SOURCE DATA:
★ ★ ★ ★ ★

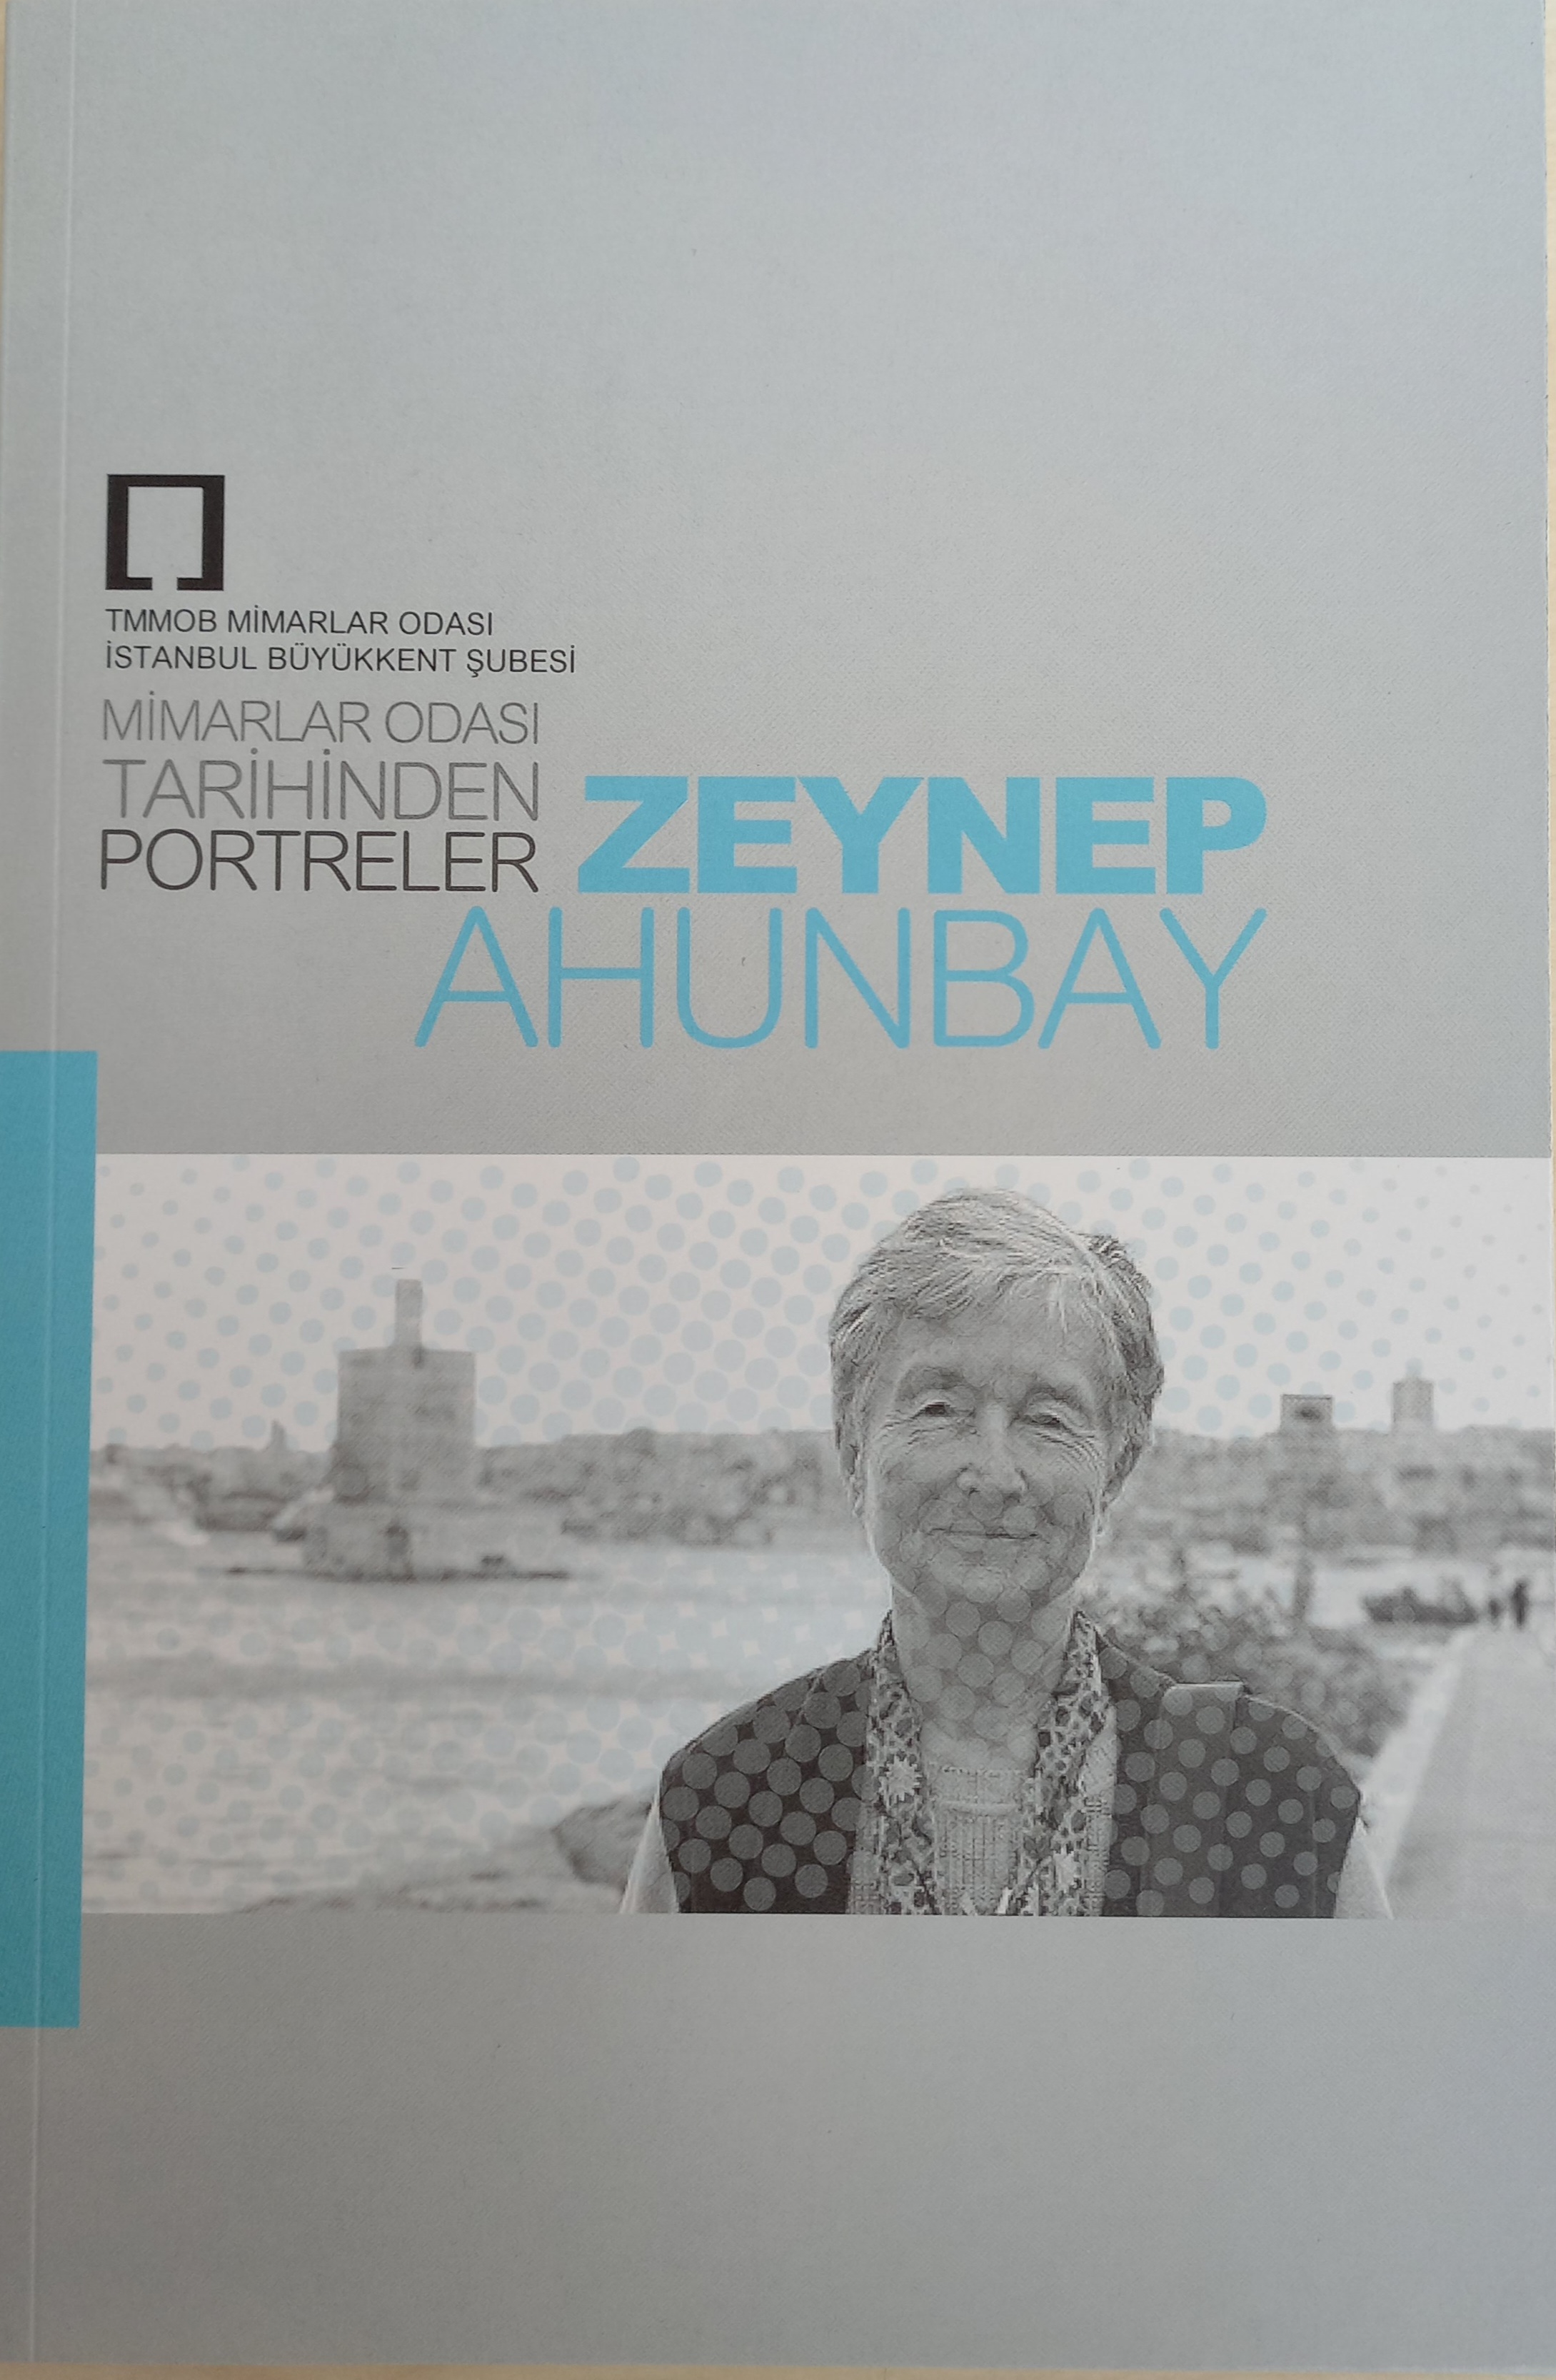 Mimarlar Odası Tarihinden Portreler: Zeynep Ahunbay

★ ★ ★ ★ ★

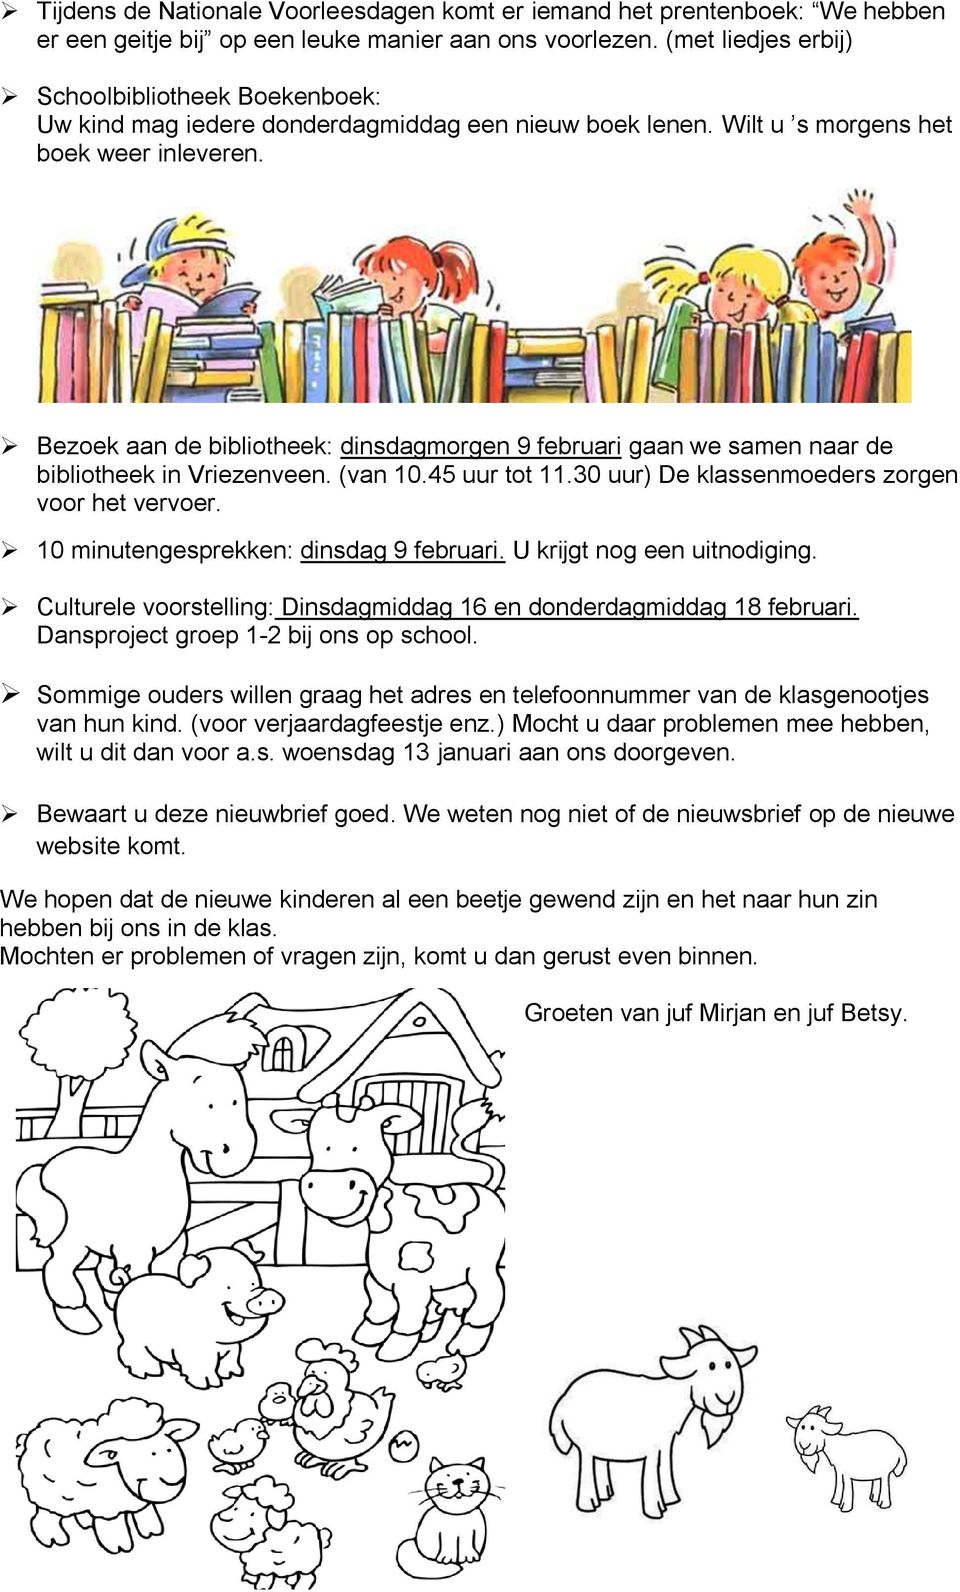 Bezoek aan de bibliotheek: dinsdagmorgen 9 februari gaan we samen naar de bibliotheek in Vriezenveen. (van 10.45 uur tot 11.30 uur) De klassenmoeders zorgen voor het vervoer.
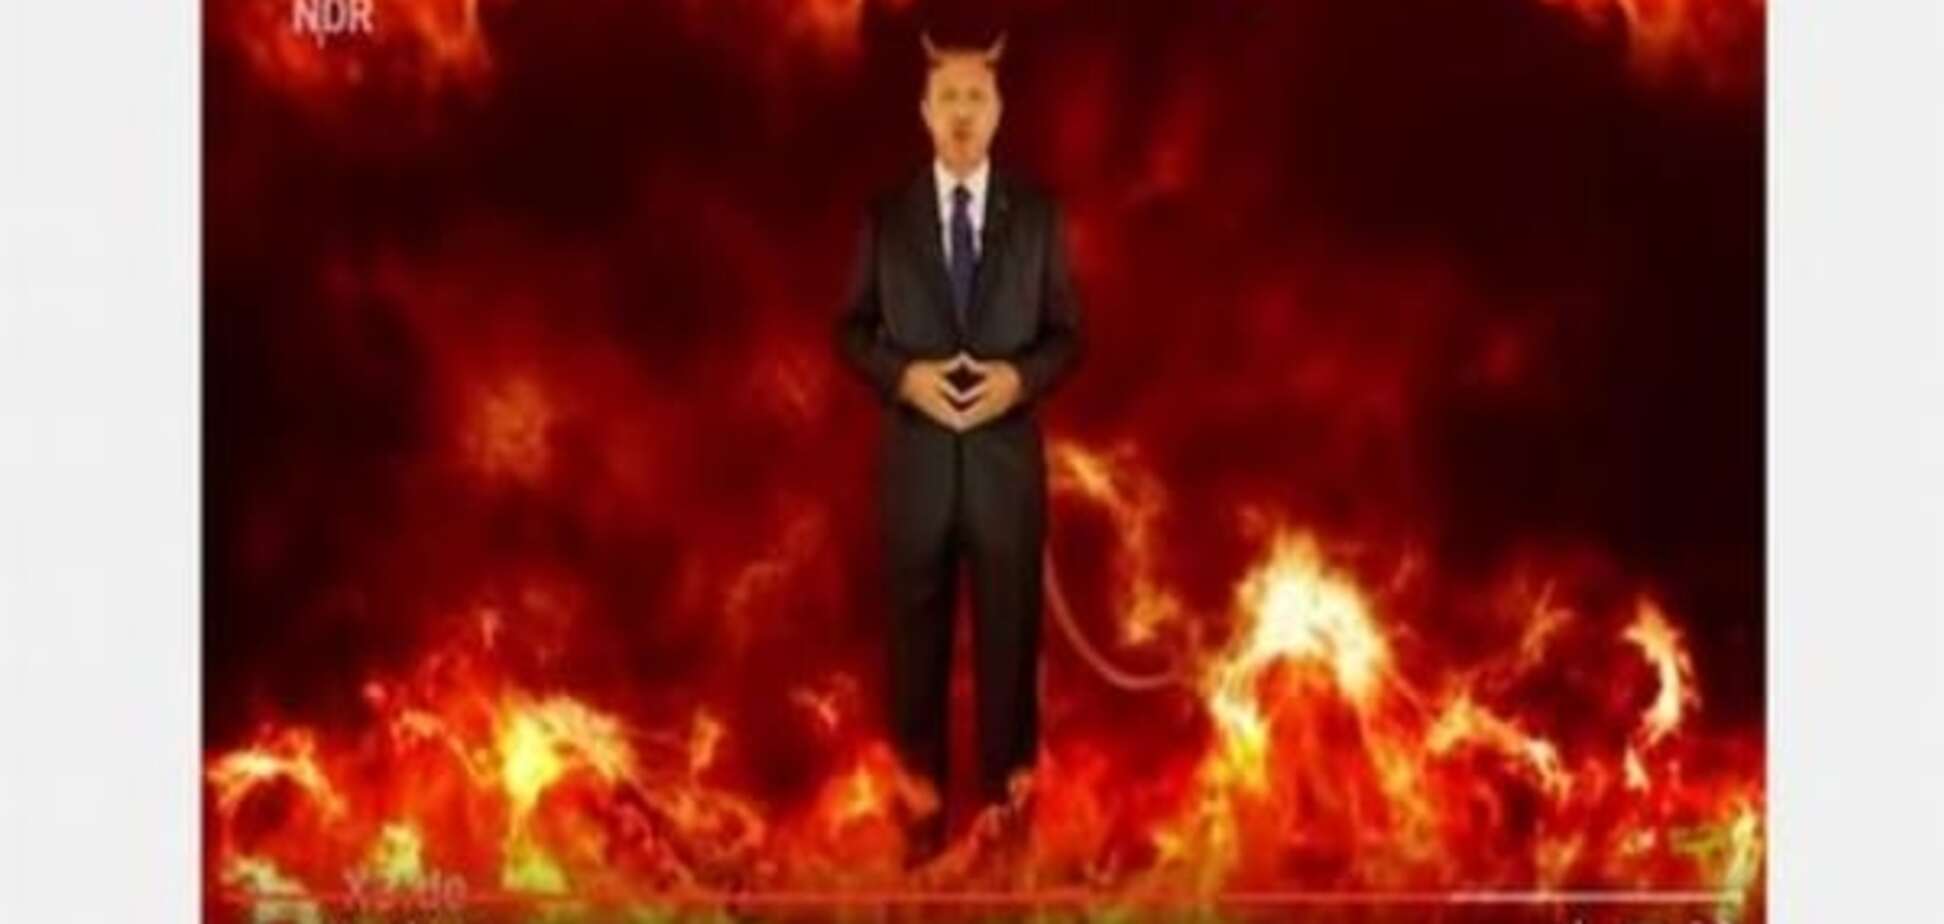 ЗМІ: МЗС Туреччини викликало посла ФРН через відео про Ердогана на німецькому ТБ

★ ★ ★ ★ ★

WORK INSTRUCTIONS:
Copy the lines above between the one holding "Bezoek aan de" and the one holding "ЗМІ: МЗС Туреччини", inclusive. Drop the pictures.

COMPLETED TASK:
 Bezoek aan de bibliotheek: dinsdagmorgen 9 februari gaan we samen naar de bibliotheek in Vriezenveen. (van 10.45 uur tot 11.30 uur) De klassenmoeders zorgen voor het vervoer.
 ЗМІ: МЗС Туреччини викликало посла ФРН через відео про Ердогана на німецькому ТБ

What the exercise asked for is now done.